A lanciare l'allarme è un articolo del Giornale di ieri che riporta il caso di 7 farmacie di Milano in fallimento, secondo i dati del tribunale fallimentare di Milano, e 25 che hanno chiesto il concordato preventivo negli ultimi mesi. Un allarme che non trova riscontro, secondo quanto riferisce Annarosa Racca, presidente di Federfarma nazionale e di Milano: «I fallimenti riguardano in particolare la catena Essere Benessere, di cui si aveva già notizia e con vicende note alla cronaca». Per altro, continua Racca «i dati più aggiornati sulla spesa farmaceutica della Regione mostrano che la convenzionata, netta e lorda, ha segnato un leggero aumento e, a livello di politiche regionali, la farmacia dei servizi è stata inserita a pieno titolo e in maniera sistematica nella normativa».

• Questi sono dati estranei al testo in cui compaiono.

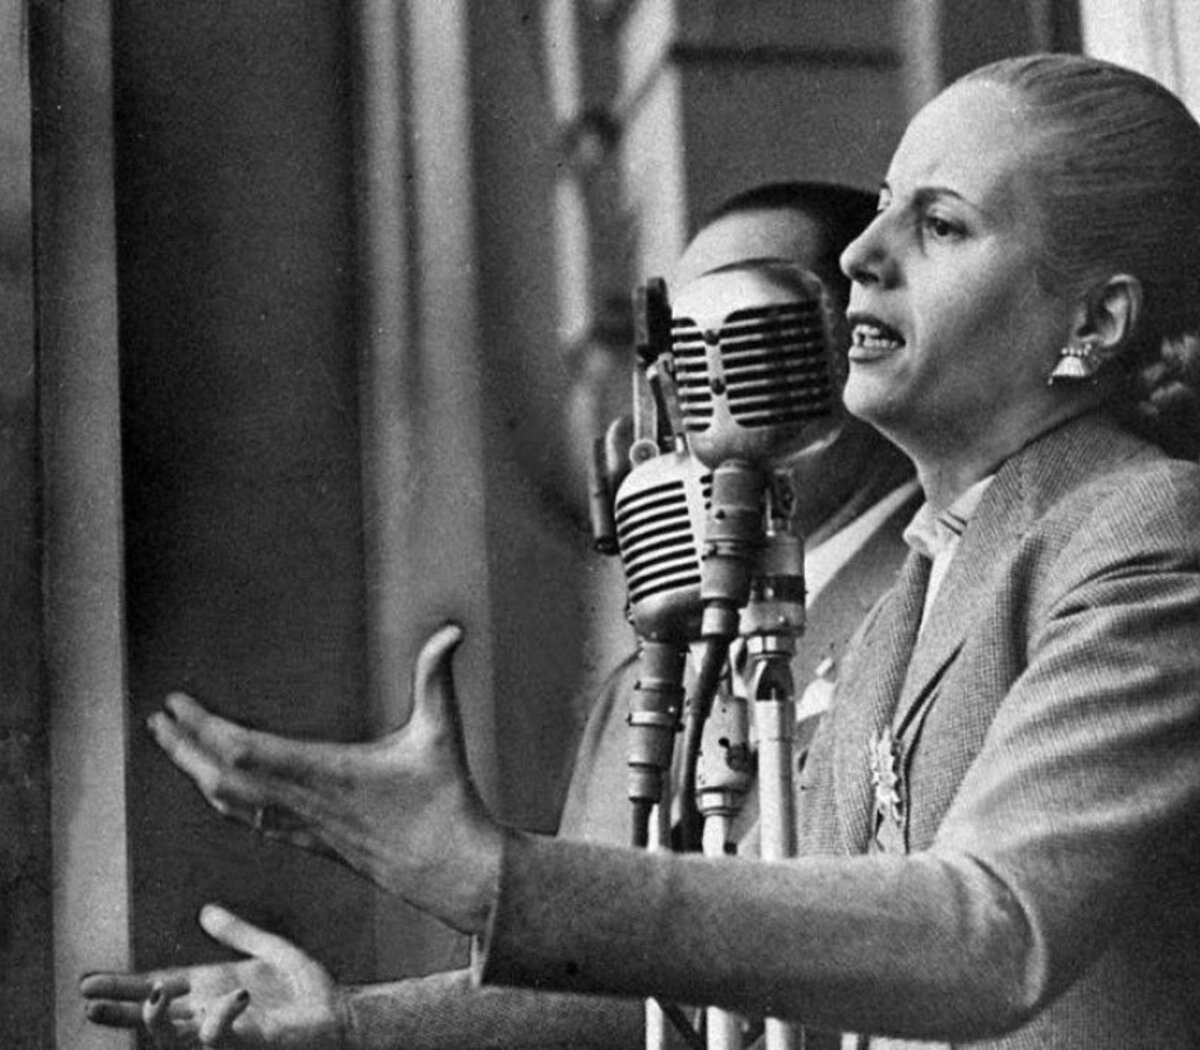 Diez frases para recordar a Eva Perón a 102 años de su nacimiento | Página12

Al di là della situazione di Milano, c'è una preoccupazione data soprattutto dalla situazione politica: «Si riparla di ulteriori liberalizzazioni della distribuzione del farmaco» interviene in una nota Andrea Mandelli, presidente Fofi, a ridosso dell'articolo pubblicato dal Giornale, «di ipotesi di sanatorie e di altre misure che puntano - secondo chi le propone - a una più equa ripartizione di chissà quale "ricco mercato" che oggi sarebbe nella disponibilità esclusiva della rete delle farmacie». Il quadro vede invece «nel Mezzogiorno, nelle località più piccole, ormai un costante stillicidio di chiusure, per non parlare delle segnalazioni di grave difficoltà economica che giungono agli Ordini di tutte le provincie. E a questo perdurante declino della stabilità economica delle farmacie si accompagna la crescente difficoltà a trovare e a mantenere il posto di lavoro per migliaia di farmacisti. Infatti, come insegnano le vicende di tutta l'economia italiana, la riduzione del fatturato comporta inevitabilmente la compressione dei livelli occupazionali. In questo quadro, gli effetti dell'apertura alle società di capitali prevista dal DdL Concorrenza non possono che rendere ancora più fragile il servizio farmaceutico: secondo i dati elaborati da Ims, possedere le 5.000 farmacie più grandi significa in pratica dominare il mercato, e ciò comporterà la chiusura dei presidi meno appetibili dal punto di vista commerciale ma che hanno una funzione sociale insostituibile. Tutto questo non significa soltanto mettere in crisi una professione, significa far venire meno un servizio fondamentale per i cittadini: l'equo e uniforme accesso ai medicinali. Mi sembra che manchi una visione realistica di tutto il settore del farmaco e delle conseguenze che potrebbero avere misure non meditate. Peraltro, questo atteggiamento mi pare si ritrovi puntualmente ogni qual volta si considerano la sanità e la tutela della salute un business tra tanti».